Brodsky A L, Minissale C J, Melero M J, Sánchez Avalos J C
Departamento de Medicina Interna, Hospital de Clinicas José de San Martín, Facultad de Medicina, Universidad de Buenos Aires, Argentina.
Medicina (B Aires). 1993;53(5):401-7.
In order to evaluate whether the prophylactic use of fluoroquinolones diminishes the incidence of infections and/or mortality during neutropenia, we undertook a prospective, aleatory and controlled study in non-hospitalized adult patients with acute leukemia and chemotherapy-induced neutropenia including twenty five episodes of neutropenia including twenty five episodes of neutropenia which had occurred in 14 patients who were randomly selected either to receive or not quinolones (norfloxacin 800 mg daily or ciprofloxacin 1000 mg daily). Both groups were similar in terms of sex, age, underlying disease, chemotherapy for hematologic malignancy, duration and severity of neutropenia. The use of quinolones was associated with a delay in the fever onset during neutropenia (p = 0.0448), a decrease in the proportion of neutropenic febrile days (p = 0.0456), a decrease of infections caused by gram-negative bacilli (p = 0.037) and an increase of Streptococcus infections (p = 0.0857). There was no significant decrease in mortality, incidence of severe infections, proportion of neutropenic episodes without fever, empiric use of amphotericin B or fungal infections between both groups. The results of this study demonstrate that the prophylactic use of fluoroquinolones does not diminish the infectious morbidity and/or mortality in these patients.

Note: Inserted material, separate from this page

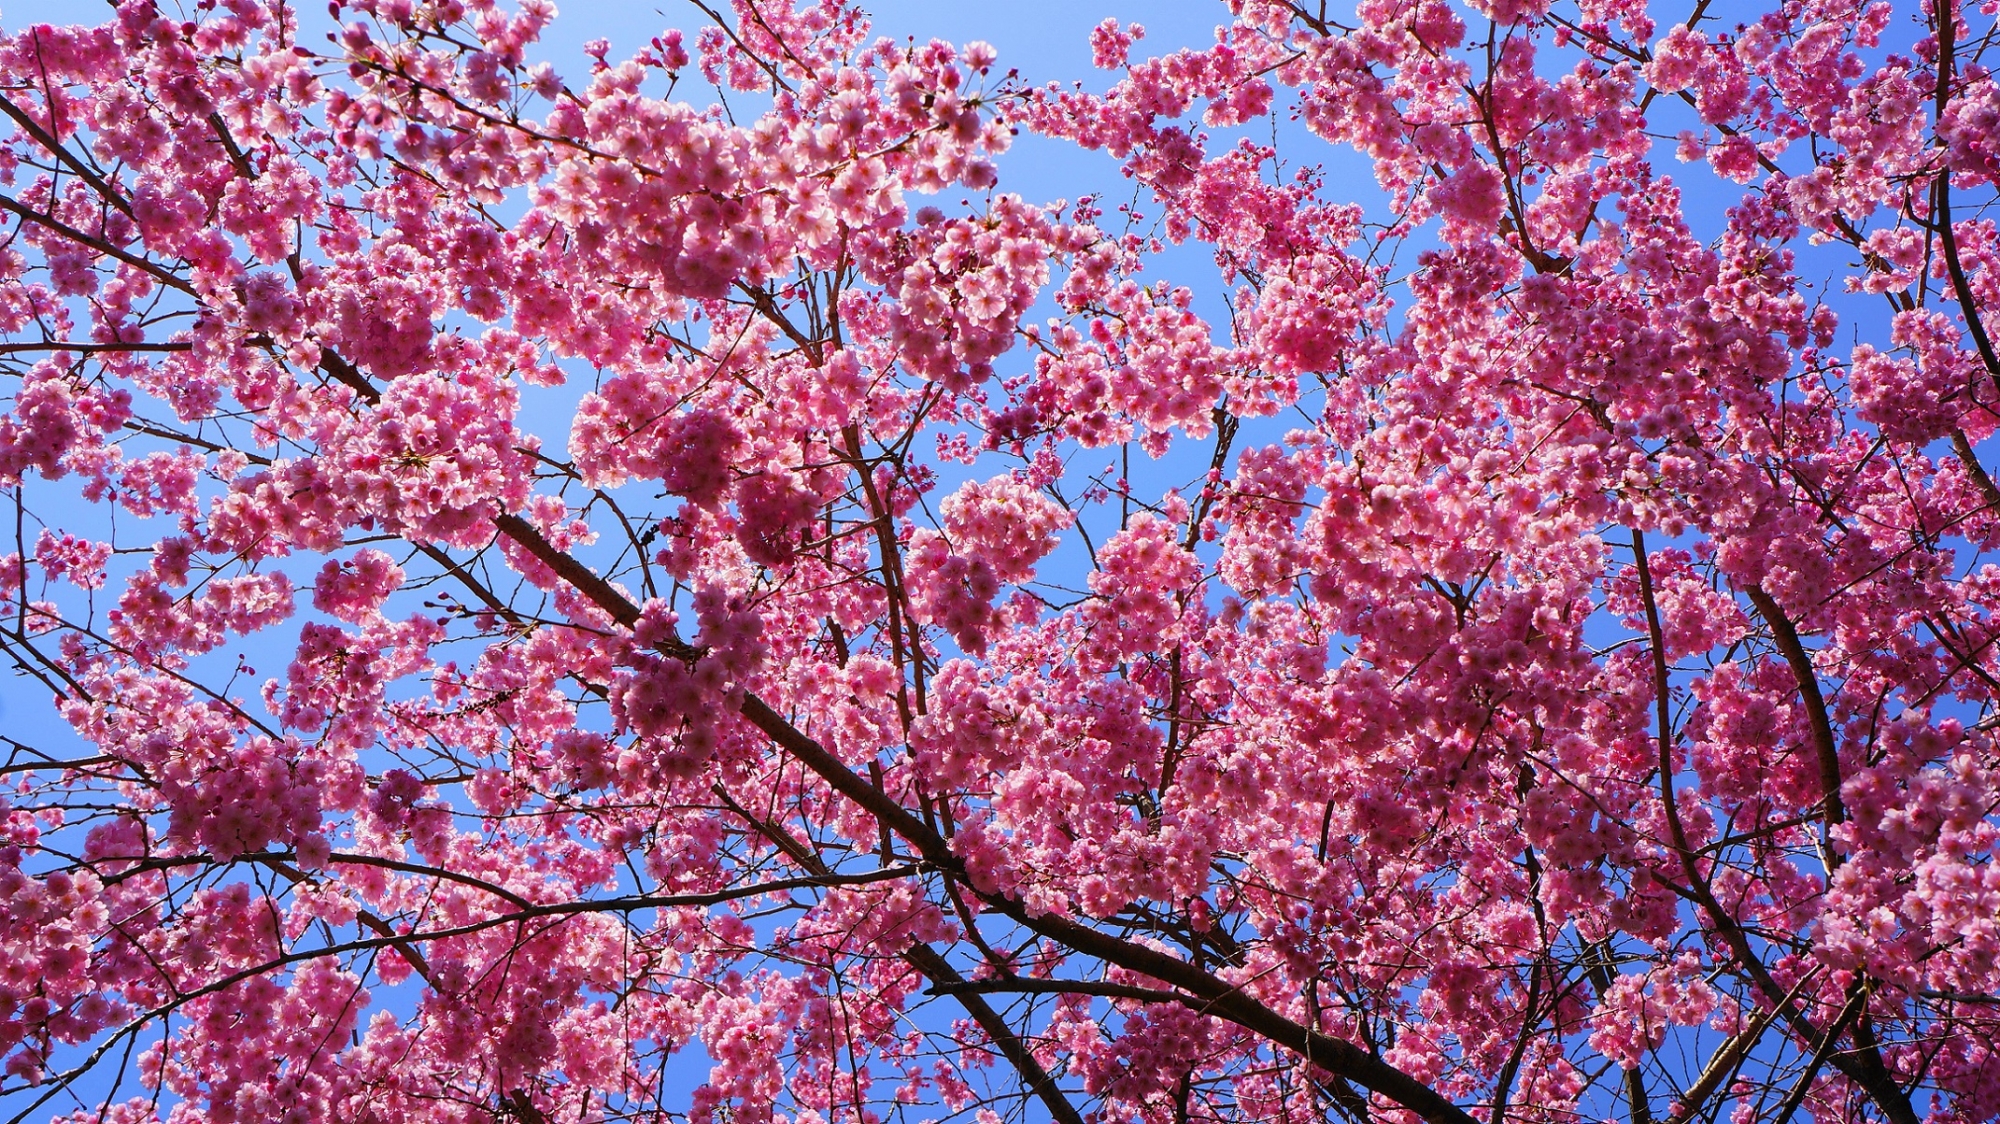 太陽をいっぱいに浴びて煌びやかに輝く桜

为了评估预防性使用氟喹诺酮类药物是否能降低中性粒细胞减少症期间感染的发生率和/或死亡率,我们对非住院的急性白血病且化疗引起中性粒细胞减少症的成年患者进行了一项前瞻性、随机对照研究,其中包括14例患者发生的25次中性粒细胞减少症发作,这些患者被随机选择接受或不接受喹诺酮类药物(诺氟沙星每日800毫克或环丙沙星每日1000毫克)。两组在性别、年龄、基础疾病、血液系统恶性肿瘤的化疗、中性粒细胞减少症的持续时间和严重程度方面相似。使用喹诺酮类药物与中性粒细胞减少症期间发热发作延迟有关(p = 0.0448),中性粒细胞减少发热天数比例降低(p = 0.0456),革兰氏阴性杆菌引起的感染减少(p = 0.037)以及链球菌感染增加(p = 0.0857)。两组之间在死亡率、严重感染发生率、无发热的中性粒细胞减少症发作比例、两性霉素B的经验性使用或真菌感染方面均无显著降低。本研究结果表明,预防性使用氟喹诺酮类药物并不能降低这些患者的感染发病率和/或死亡率。